The way the buf member is declared is taking advantage of a C99 feature called flexible arrays, the main advantage is to gain the use of variable length array like features inside a struct. Since buf is declared without a size it occupies no space until you explicitly allocate it when dynamically allocating a struct sdshdr *.
It is more efficient than using a char * since if buf was a char * we would have to perform two dynamic allocations, first for a struct sdshdr * and then again for buf and the pointer itself would require additional space. This is cleaner since the allocation either succeeds or fails as a unit and cleaning up is simpler since only one free is required. We also gain locality of data since the whole structure is allocated in a block and does not require a separate dereference to access buf.

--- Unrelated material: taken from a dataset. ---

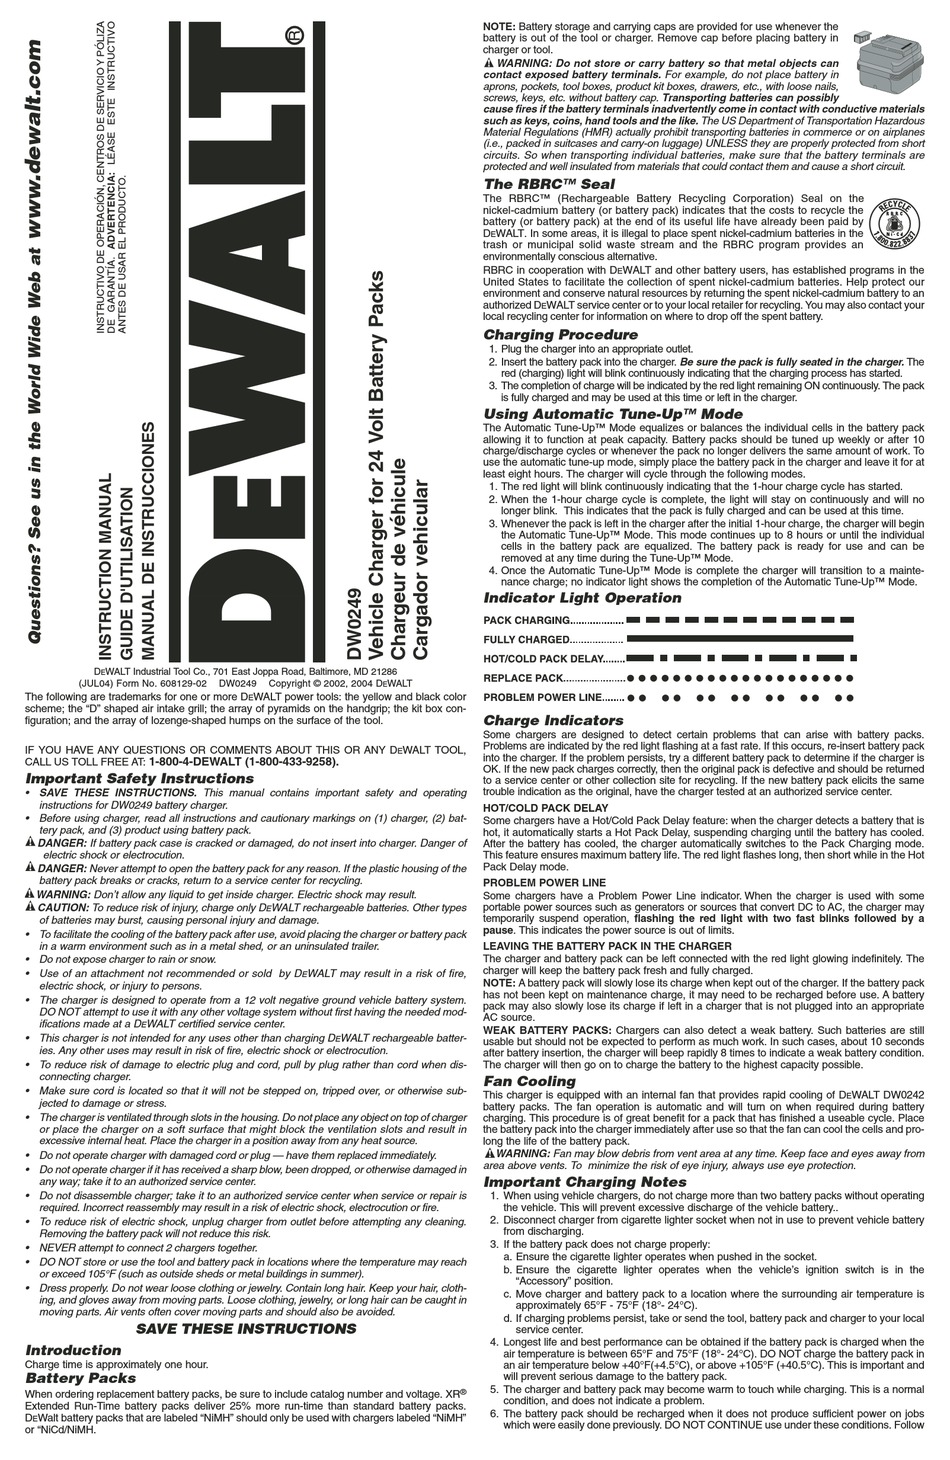 høflighed Melankoli bro DEWALT DW0249 INSTRUCTION MANUAL Pdf Download | ManualsLib

The draft C99 standard in section 6.7.2.1 has a nice example that shows how to use this feature:
EXAMPLE After the declaration:
struct s { int n; double d[]; };
the structure struct s has a flexible array member d. A typical way to use this
is:
int m = /* some value */;
struct s *p = malloc(sizeof (struct s) + sizeof (double [m]));
and assuming that the call to malloc succeeds, the object pointed to by p
behaves, for most purposes, as if p had been declared as:
struct { int n; double d[m]; } *p;
(there are circumstances in which this equivalence is broken; in particular, the
offsets of member d might not be the same).